The story concerns two men, architect and some time writer Walter Stackhouse (Wilson) and a bookstore owner, Marty Kimmel (Eddie Marsan). Kimmel's wife is murdered and found near a tavern, and an aggressive cop, Laurence Corby (Vincent Kartheiser) is positive Kimmel is the killer. However, a young man has given him an alibi - he and Kimmel were both in the theater to see Butterfield 8 at the same time.

Then Walter's wife Clara (Jessica Biel), a beautiful but deeply disturbed and unhappy woman, winds up dead in the same location. Both women had taken the same bus, which stopped near the tavern.

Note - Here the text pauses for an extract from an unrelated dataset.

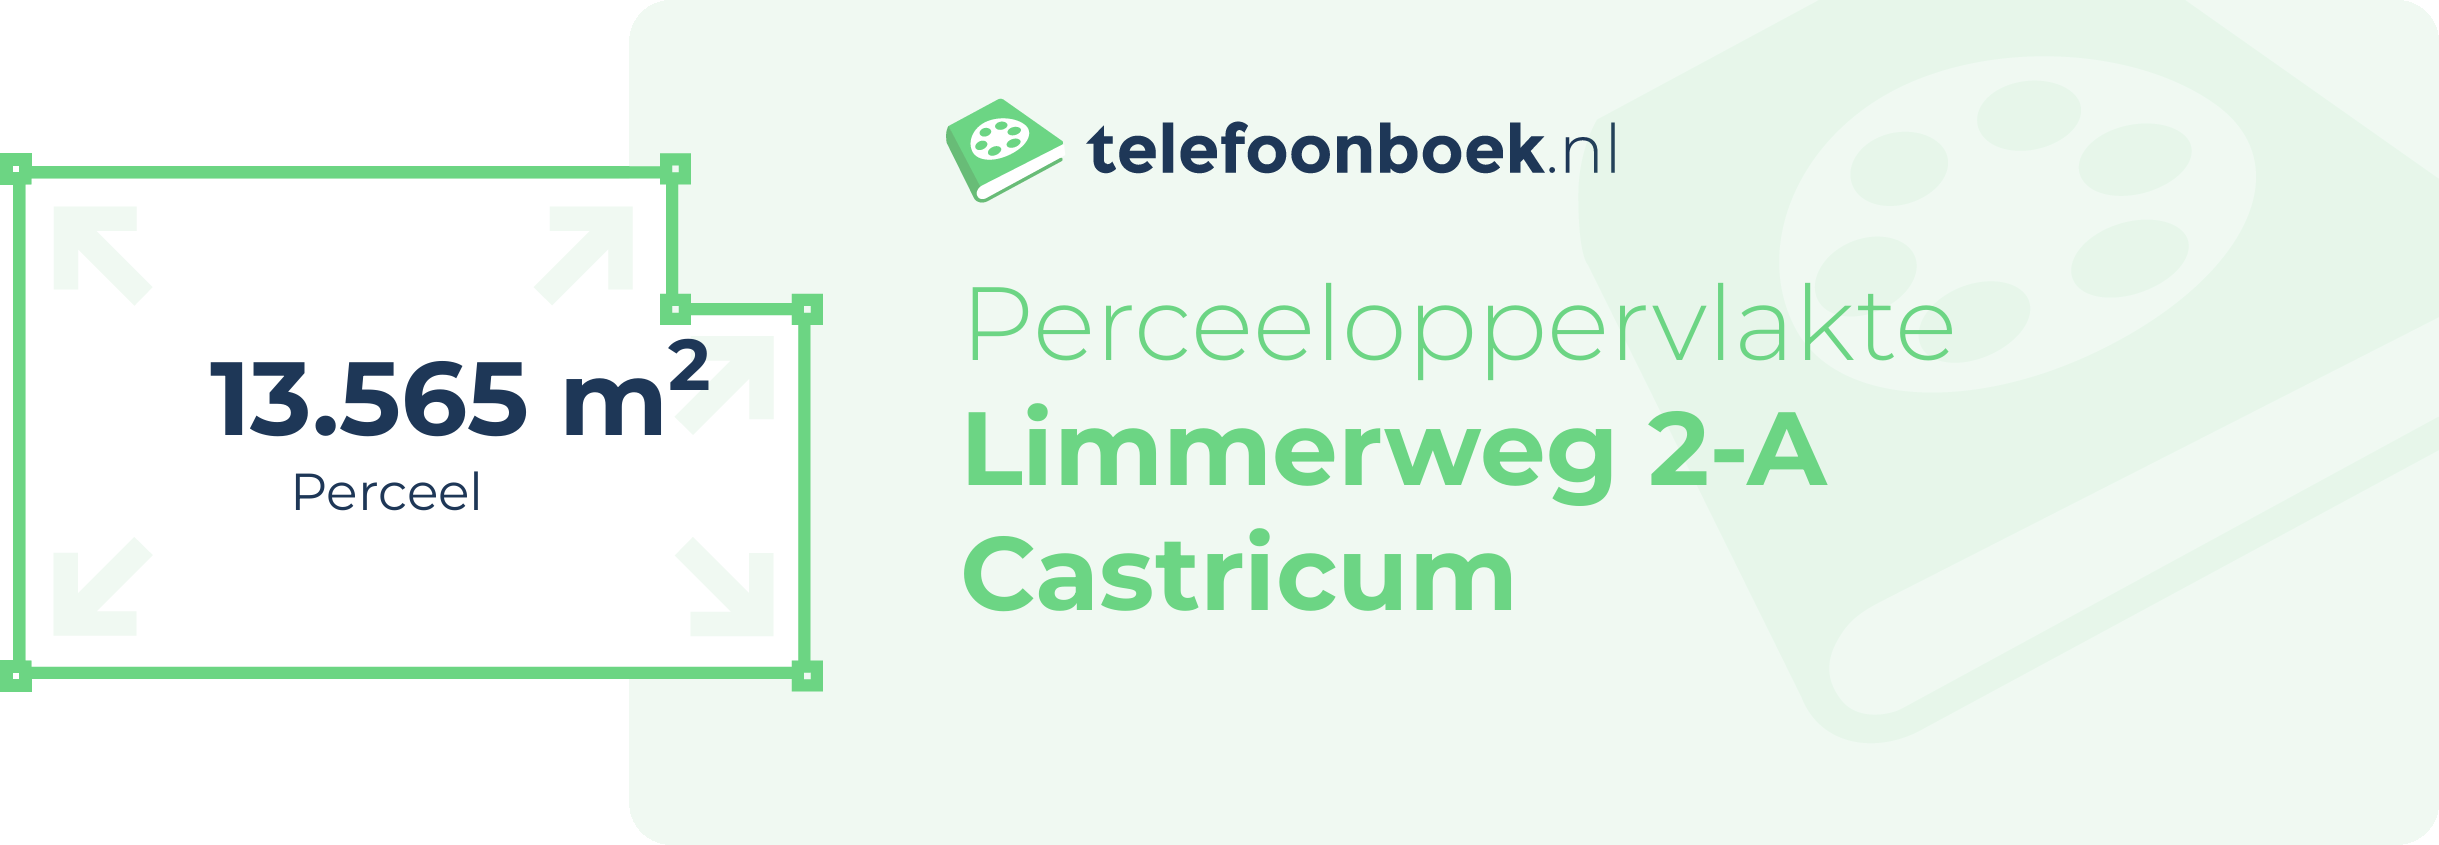 Perceeloppervlakte Limmerweg 2-A Castricum

Walter, tired of Clara being neurotic, had told her he wanted a divorce. She threatened suicide, then left abruptly to be with her sick mother.

Detective Corby harasses both men mercilessly, and when he finds out that Stackhouse has clippings of the Kimmel murder as a resource for the writing he does on the side, he doubles up the harassment.

I'm not sure why this was set in 1960 except that it was based on a Patricia Highsmith novel probably written then. I wonder if the screenwriter (or Highsmith) realized that the Fourth Amendment was added to the Constitution in 1790 so that Corby could not have walked into Stackhouse's home and started going through his house without a warrant. And what idiots allow such harassment and never retain an attorney?

The film had some atmosphere but was slow and dull. It took forever to get to the plot. Now, modern screen writing demands this. I have no problem waiting for the point of the movie if the film is moving along. This one didn't.

Patricia Highsmith was a wonderful mystery writer, but she wasn't perfect. I haven't read her novel but somehow I feel it had to have been better than this.